In full and without alteration, give the listing again.

** Provided data follows **

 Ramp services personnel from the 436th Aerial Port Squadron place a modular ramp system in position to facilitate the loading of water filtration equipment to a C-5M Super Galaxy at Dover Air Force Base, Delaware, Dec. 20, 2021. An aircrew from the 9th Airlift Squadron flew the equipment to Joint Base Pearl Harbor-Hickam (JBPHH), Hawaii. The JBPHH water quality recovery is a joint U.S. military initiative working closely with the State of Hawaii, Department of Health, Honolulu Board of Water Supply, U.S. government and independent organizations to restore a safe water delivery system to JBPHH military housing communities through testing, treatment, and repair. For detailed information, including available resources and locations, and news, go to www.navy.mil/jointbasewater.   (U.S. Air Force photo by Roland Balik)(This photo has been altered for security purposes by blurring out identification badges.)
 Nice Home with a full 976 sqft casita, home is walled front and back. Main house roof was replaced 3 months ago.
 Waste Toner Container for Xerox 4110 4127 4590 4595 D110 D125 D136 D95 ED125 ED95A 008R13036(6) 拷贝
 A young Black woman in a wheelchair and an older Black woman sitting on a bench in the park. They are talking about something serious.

** End of Provided data **

Your response:
 Ramp services personnel from the 436th Aerial Port Squadron place a modular ramp system in position to facilitate the loading of water filtration equipment to a C-5M Super Galaxy at Dover Air Force Base, Delaware, Dec. 20, 2021. An aircrew from the 9th Airlift Squadron flew the equipment to Joint Base Pearl Harbor-Hickam (JBPHH), Hawaii. The JBPHH water quality recovery is a joint U.S. military initiative working closely with the State of Hawaii, Department of Health, Honolulu Board of Water Supply, U.S. government and independent organizations to restore a safe water delivery system to JBPHH military housing communities through testing, treatment, and repair. For detailed information, including available resources and locations, and news, go to www.navy.mil/jointbasewater.   (U.S. Air Force photo by Roland Balik)(This photo has been altered for security purposes by blurring out identification badges.)
 Nice Home with a full 976 sqft casita, home is walled front and back. Main house roof was replaced 3 months ago.
 Waste Toner Container for Xerox 4110 4127 4590 4595 D110 D125 D136 D95 ED125 ED95A 008R13036(6) 拷贝
 A young Black woman in a wheelchair and an older Black woman sitting on a bench in the park. They are talking about something serious.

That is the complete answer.